Each entry needs to be retyped exactly, with nothing added or dropped.

Data extracted from a collection:
== Segment start ==

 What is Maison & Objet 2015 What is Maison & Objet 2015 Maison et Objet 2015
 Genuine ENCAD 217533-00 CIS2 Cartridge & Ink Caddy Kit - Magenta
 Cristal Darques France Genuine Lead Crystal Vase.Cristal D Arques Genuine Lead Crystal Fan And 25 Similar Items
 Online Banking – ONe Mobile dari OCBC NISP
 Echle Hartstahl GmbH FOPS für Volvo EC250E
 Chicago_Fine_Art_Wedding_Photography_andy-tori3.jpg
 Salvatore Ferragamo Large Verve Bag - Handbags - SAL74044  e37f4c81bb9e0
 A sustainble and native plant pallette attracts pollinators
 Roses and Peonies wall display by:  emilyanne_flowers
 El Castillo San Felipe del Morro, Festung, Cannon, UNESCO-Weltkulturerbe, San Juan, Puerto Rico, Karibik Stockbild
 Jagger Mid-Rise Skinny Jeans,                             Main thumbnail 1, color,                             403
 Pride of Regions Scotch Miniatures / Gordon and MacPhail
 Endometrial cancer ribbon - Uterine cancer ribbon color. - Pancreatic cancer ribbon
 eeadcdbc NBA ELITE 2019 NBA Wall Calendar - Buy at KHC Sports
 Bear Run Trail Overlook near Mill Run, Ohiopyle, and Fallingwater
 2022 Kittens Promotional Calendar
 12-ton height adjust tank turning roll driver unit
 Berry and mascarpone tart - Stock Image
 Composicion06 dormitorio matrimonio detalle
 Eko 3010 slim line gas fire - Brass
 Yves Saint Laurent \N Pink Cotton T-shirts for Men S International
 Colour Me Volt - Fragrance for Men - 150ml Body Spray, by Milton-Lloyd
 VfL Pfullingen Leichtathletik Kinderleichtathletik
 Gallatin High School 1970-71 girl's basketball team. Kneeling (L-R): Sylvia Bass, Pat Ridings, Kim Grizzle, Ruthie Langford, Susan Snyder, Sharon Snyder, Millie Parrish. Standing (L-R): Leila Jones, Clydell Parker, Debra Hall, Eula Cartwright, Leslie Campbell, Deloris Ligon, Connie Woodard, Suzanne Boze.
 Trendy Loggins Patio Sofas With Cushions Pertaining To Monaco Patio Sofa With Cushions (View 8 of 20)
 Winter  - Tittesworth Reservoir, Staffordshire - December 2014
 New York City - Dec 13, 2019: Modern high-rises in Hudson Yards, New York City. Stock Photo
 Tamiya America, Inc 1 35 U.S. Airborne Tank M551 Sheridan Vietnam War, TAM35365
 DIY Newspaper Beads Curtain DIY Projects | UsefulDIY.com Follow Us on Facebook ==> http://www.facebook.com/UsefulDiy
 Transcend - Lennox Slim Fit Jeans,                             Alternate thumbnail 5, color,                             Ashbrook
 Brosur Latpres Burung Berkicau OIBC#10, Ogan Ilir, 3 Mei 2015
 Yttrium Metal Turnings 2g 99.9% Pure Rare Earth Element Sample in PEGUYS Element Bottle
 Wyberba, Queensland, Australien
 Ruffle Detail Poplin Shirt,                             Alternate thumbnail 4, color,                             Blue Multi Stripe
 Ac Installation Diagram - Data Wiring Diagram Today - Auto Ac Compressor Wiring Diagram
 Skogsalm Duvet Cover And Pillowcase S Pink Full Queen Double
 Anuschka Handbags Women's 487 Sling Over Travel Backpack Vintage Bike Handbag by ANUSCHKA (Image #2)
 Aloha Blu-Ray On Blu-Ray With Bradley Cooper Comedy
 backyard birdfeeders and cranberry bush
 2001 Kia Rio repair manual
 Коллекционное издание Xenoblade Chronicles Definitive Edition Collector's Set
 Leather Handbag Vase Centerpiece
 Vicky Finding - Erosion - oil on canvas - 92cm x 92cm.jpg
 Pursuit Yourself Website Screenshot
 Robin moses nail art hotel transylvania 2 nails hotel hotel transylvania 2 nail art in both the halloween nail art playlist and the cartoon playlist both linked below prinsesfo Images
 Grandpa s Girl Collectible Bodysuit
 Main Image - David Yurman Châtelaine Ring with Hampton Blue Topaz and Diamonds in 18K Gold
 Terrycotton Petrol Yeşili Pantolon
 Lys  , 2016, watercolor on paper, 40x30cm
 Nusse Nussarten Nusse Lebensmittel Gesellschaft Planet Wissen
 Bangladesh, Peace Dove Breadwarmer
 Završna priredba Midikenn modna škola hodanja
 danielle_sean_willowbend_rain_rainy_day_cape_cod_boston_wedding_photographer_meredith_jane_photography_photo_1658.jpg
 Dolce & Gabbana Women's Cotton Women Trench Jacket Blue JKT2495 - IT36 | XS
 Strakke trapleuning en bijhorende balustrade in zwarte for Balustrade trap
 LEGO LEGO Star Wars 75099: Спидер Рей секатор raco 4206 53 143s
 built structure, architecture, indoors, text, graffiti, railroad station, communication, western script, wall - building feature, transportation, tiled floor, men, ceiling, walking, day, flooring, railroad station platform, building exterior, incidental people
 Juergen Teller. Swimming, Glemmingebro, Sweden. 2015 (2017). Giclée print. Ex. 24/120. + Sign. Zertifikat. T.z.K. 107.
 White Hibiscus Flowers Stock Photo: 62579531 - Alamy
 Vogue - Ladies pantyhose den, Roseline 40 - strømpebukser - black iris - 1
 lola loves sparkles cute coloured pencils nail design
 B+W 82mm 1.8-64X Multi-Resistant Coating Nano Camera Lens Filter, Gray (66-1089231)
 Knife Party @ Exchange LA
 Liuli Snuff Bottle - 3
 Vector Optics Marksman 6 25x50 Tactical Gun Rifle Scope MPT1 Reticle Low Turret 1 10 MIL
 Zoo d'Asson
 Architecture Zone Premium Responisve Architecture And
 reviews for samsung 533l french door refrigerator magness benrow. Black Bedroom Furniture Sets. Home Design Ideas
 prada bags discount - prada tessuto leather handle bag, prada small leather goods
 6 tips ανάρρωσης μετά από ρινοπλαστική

== Segment end ==

Reply to the task:
 What is Maison & Objet 2015 What is Maison & Objet 2015 Maison et Objet 2015
 Genuine ENCAD 217533-00 CIS2 Cartridge & Ink Caddy Kit - Magenta
 Cristal Darques France Genuine Lead Crystal Vase.Cristal D Arques Genuine Lead Crystal Fan And 25 Similar Items
 Online Banking – ONe Mobile dari OCBC NISP
 Echle Hartstahl GmbH FOPS für Volvo EC250E
 Chicago_Fine_Art_Wedding_Photography_andy-tori3.jpg
 Salvatore Ferragamo Large Verve Bag - Handbags - SAL74044  e37f4c81bb9e0
 A sustainble and native plant pallette attracts pollinators
 Roses and Peonies wall display by:  emilyanne_flowers
 El Castillo San Felipe del Morro, Festung, Cannon, UNESCO-Weltkulturerbe, San Juan, Puerto Rico, Karibik Stockbild
 Jagger Mid-Rise Skinny Jeans,                             Main thumbnail 1, color,                             403
 Pride of Regions Scotch Miniatures / Gordon and MacPhail
 Endometrial cancer ribbon - Uterine cancer ribbon color. - Pancreatic cancer ribbon
 eeadcdbc NBA ELITE 2019 NBA Wall Calendar - Buy at KHC Sports
 Bear Run Trail Overlook near Mill Run, Ohiopyle, and Fallingwater
 2022 Kittens Promotional Calendar
 12-ton height adjust tank turning roll driver unit
 Berry and mascarpone tart - Stock Image
 Composicion06 dormitorio matrimonio detalle
 Eko 3010 slim line gas fire - Brass
 Yves Saint Laurent \N Pink Cotton T-shirts for Men S International
 Colour Me Volt - Fragrance for Men - 150ml Body Spray, by Milton-Lloyd
 VfL Pfullingen Leichtathletik Kinderleichtathletik
 Gallatin High School 1970-71 girl's basketball team. Kneeling (L-R): Sylvia Bass, Pat Ridings, Kim Grizzle, Ruthie Langford, Susan Snyder, Sharon Snyder, Millie Parrish. Standing (L-R): Leila Jones, Clydell Parker, Debra Hall, Eula Cartwright, Leslie Campbell, Deloris Ligon, Connie Woodard, Suzanne Boze.
 Trendy Loggins Patio Sofas With Cushions Pertaining To Monaco Patio Sofa With Cushions (View 8 of 20)
 Winter  - Tittesworth Reservoir, Staffordshire - December 2014
 New York City - Dec 13, 2019: Modern high-rises in Hudson Yards, New York City. Stock Photo
 Tamiya America, Inc 1 35 U.S. Airborne Tank M551 Sheridan Vietnam War, TAM35365
 DIY Newspaper Beads Curtain DIY Projects | UsefulDIY.com Follow Us on Facebook ==> http://www.facebook.com/UsefulDiy
 Transcend - Lennox Slim Fit Jeans,                             Alternate thumbnail 5, color,                             Ashbrook
 Brosur Latpres Burung Berkicau OIBC#10, Ogan Ilir, 3 Mei 2015
 Yttrium Metal Turnings 2g 99.9% Pure Rare Earth Element Sample in PEGUYS Element Bottle
 Wyberba, Queensland, Australien
 Ruffle Detail Poplin Shirt,                             Alternate thumbnail 4, color,                             Blue Multi Stripe
 Ac Installation Diagram - Data Wiring Diagram Today - Auto Ac Compressor Wiring Diagram
 Skogsalm Duvet Cover And Pillowcase S Pink Full Queen Double
 Anuschka Handbags Women's 487 Sling Over Travel Backpack Vintage Bike Handbag by ANUSCHKA (Image #2)
 Aloha Blu-Ray On Blu-Ray With Bradley Cooper Comedy
 backyard birdfeeders and cranberry bush
 2001 Kia Rio repair manual
 Коллекционное издание Xenoblade Chronicles Definitive Edition Collector's Set
 Leather Handbag Vase Centerpiece
 Vicky Finding - Erosion - oil on canvas - 92cm x 92cm.jpg
 Pursuit Yourself Website Screenshot
 Robin moses nail art hotel transylvania 2 nails hotel hotel transylvania 2 nail art in both the halloween nail art playlist and the cartoon playlist both linked below prinsesfo Images
 Grandpa s Girl Collectible Bodysuit
 Main Image - David Yurman Châtelaine Ring with Hampton Blue Topaz and Diamonds in 18K Gold
 Terrycotton Petrol Yeşili Pantolon
 Lys  , 2016, watercolor on paper, 40x30cm
 Nusse Nussarten Nusse Lebensmittel Gesellschaft Planet Wissen
 Bangladesh, Peace Dove Breadwarmer
 Završna priredba Midikenn modna škola hodanja
 danielle_sean_willowbend_rain_rainy_day_cape_cod_boston_wedding_photographer_meredith_jane_photography_photo_1658.jpg
 Dolce & Gabbana Women's Cotton Women Trench Jacket Blue JKT2495 - IT36 | XS
 Strakke trapleuning en bijhorende balustrade in zwarte for Balustrade trap
 LEGO LEGO Star Wars 75099: Спидер Рей секатор raco 4206 53 143s
 built structure, architecture, indoors, text, graffiti, railroad station, communication, western script, wall - building feature, transportation, tiled floor, men, ceiling, walking, day, flooring, railroad station platform, building exterior, incidental people
 Juergen Teller. Swimming, Glemmingebro, Sweden. 2015 (2017). Giclée print. Ex. 24/120. + Sign. Zertifikat. T.z.K. 107.
 White Hibiscus Flowers Stock Photo: 62579531 - Alamy
 Vogue - Ladies pantyhose den, Roseline 40 - strømpebukser - black iris - 1
 lola loves sparkles cute coloured pencils nail design
 B+W 82mm 1.8-64X Multi-Resistant Coating Nano Camera Lens Filter, Gray (66-1089231)
 Knife Party @ Exchange LA
 Liuli Snuff Bottle - 3
 Vector Optics Marksman 6 25x50 Tactical Gun Rifle Scope MPT1 Reticle Low Turret 1 10 MIL
 Zoo d'Asson
 Architecture Zone Premium Responisve Architecture And
 reviews for samsung 533l french door refrigerator magness benrow. Black Bedroom Furniture Sets. Home Design Ideas
 prada bags discount - prada tessuto leather handle bag, prada small leather goods
 6 tips ανάρρωσης μετά από ρινοπλαστική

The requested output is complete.